(Beginning of MATERIAL SUPPLIED)

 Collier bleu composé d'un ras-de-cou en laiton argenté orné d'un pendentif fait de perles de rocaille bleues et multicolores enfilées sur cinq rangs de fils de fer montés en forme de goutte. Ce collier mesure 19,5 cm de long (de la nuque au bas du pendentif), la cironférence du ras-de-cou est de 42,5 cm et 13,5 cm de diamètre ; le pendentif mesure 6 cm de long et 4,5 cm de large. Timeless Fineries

(End of MATERIAL SUPPLIED)
(Beginning of MATERIAL SUPPLIED)

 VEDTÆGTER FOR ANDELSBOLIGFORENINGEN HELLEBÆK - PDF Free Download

(End of MATERIAL SUPPLIED)
(Beginning of MATERIAL SUPPLIED)

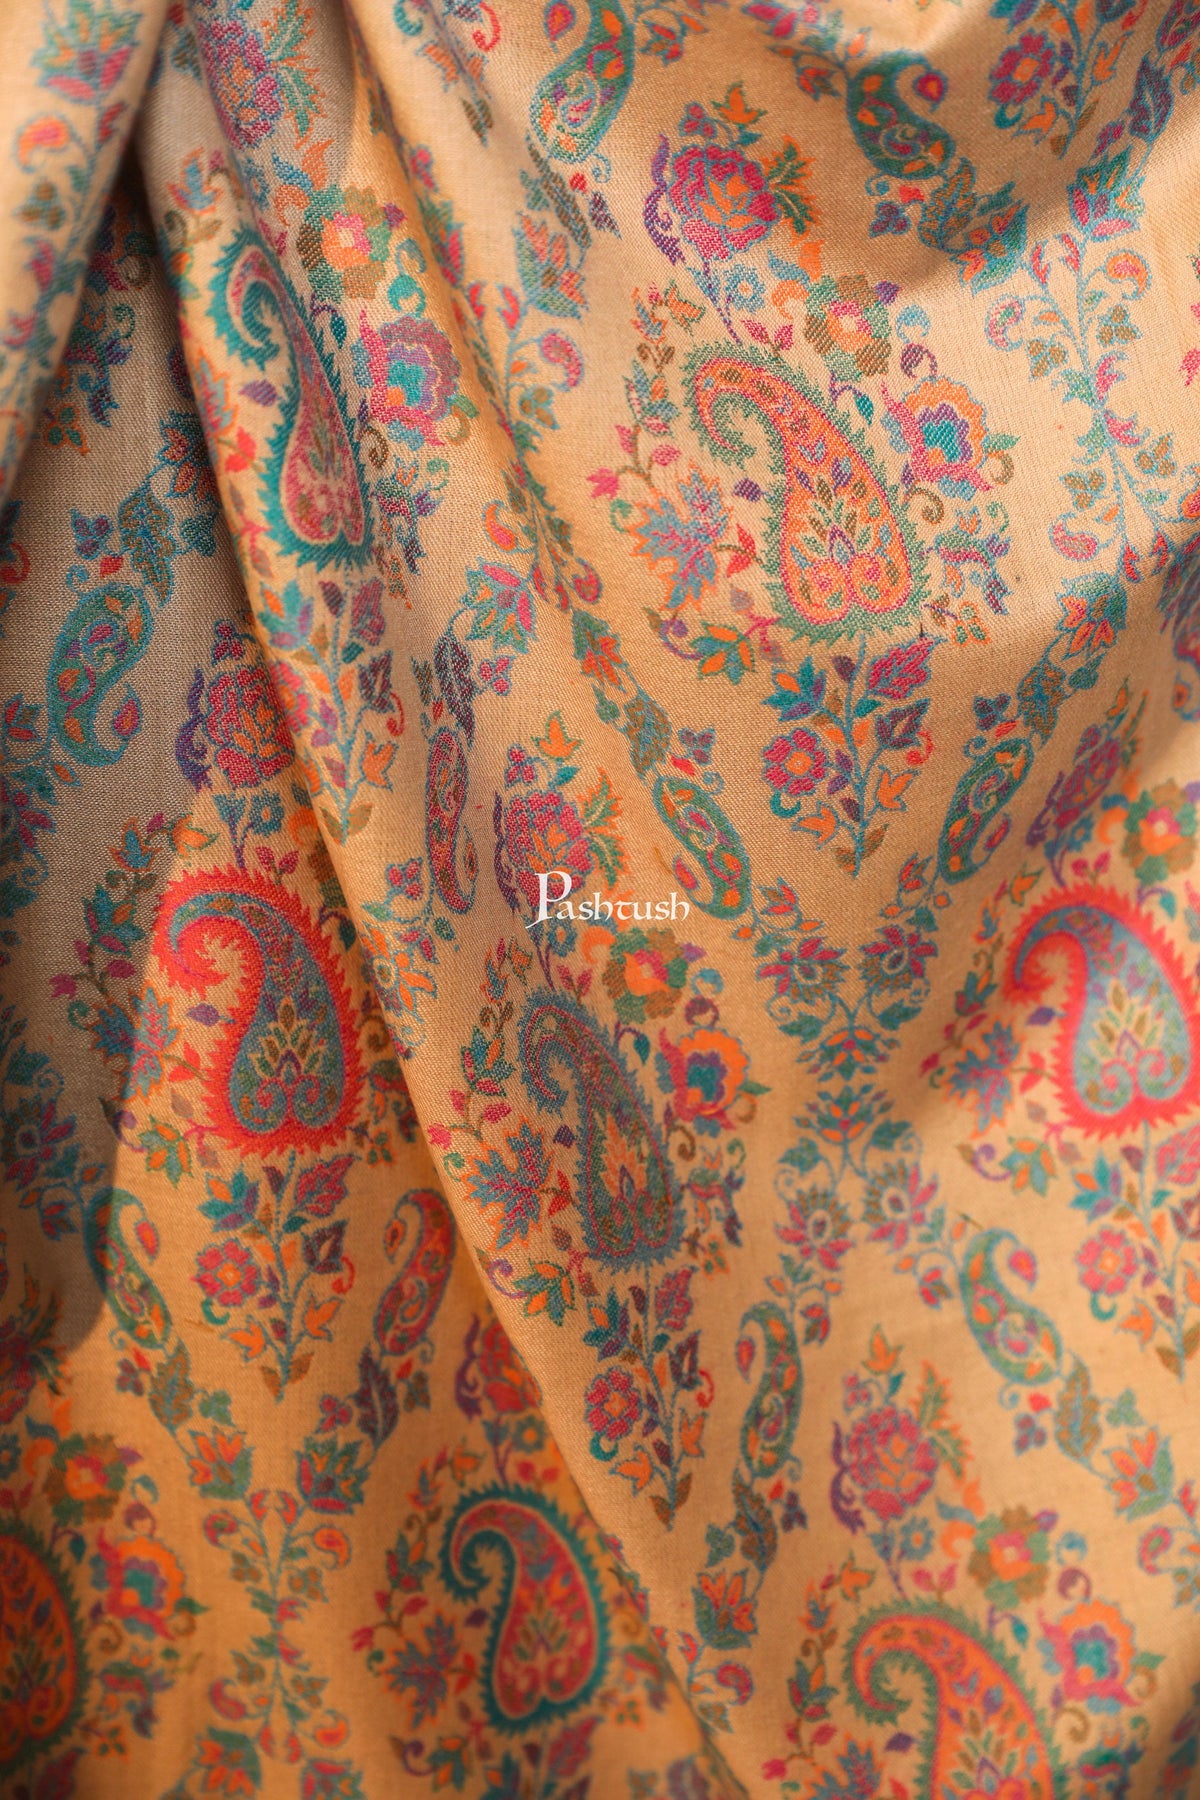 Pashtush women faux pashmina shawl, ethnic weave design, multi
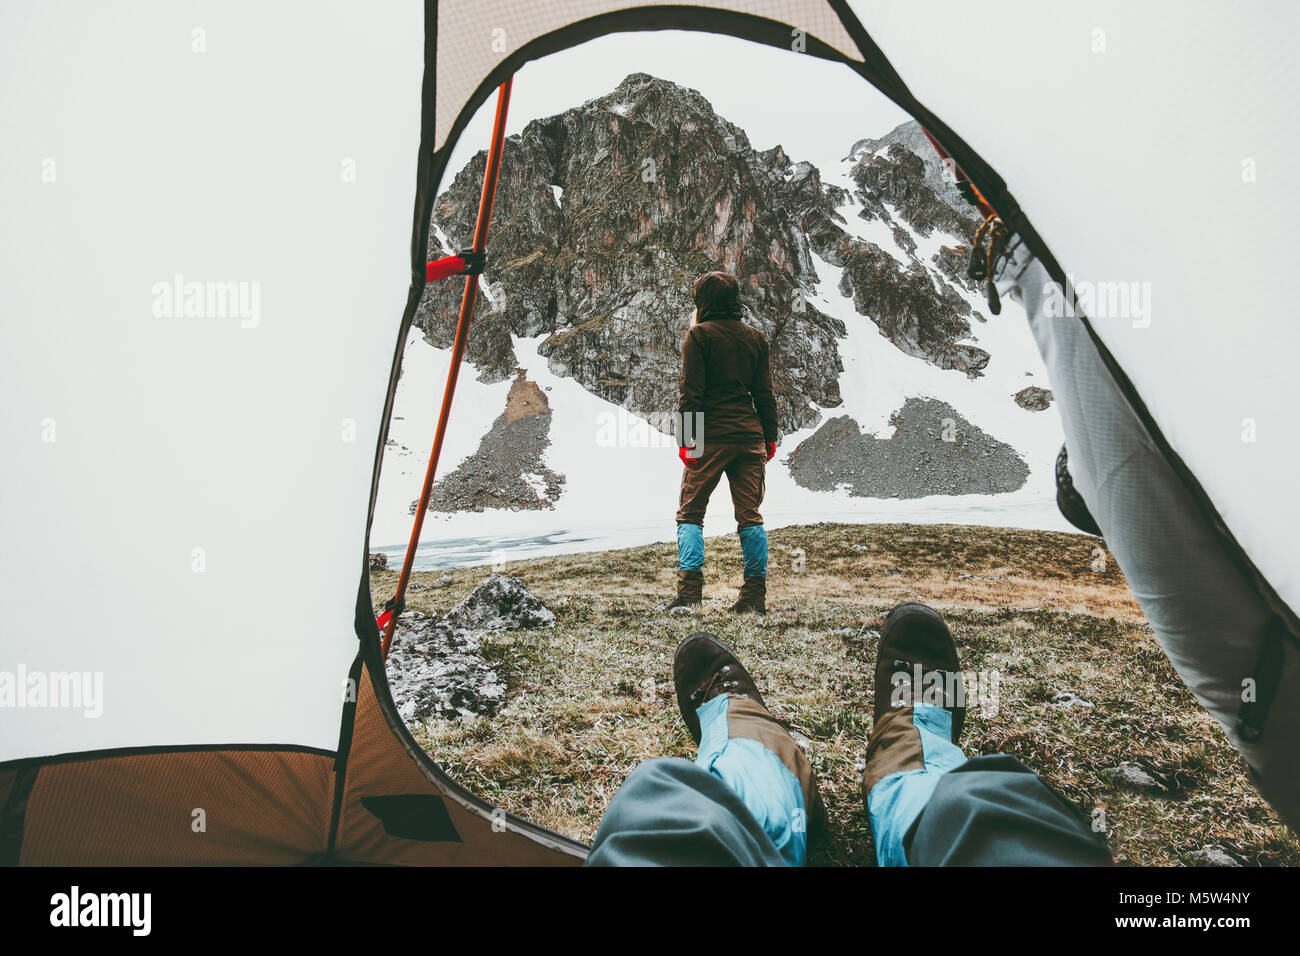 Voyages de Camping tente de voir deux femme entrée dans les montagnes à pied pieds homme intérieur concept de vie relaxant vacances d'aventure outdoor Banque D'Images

(End of MATERIAL SUPPLIED)

WHAT IS BEING ASKED: In the records above, everything from the line with "Pashtush women faux" down to the line with "Voyages de Camping" is to be set down exactly, both ends included, with no pictures and no other lines.

FINISHED EXERCISE:
 Pashtush women faux pashmina shawl, ethnic weave design, multi
 Voyages de Camping tente de voir deux femme entrée dans les montagnes à pied pieds homme intérieur concept de vie relaxant vacances d'aventure outdoor Banque D'Images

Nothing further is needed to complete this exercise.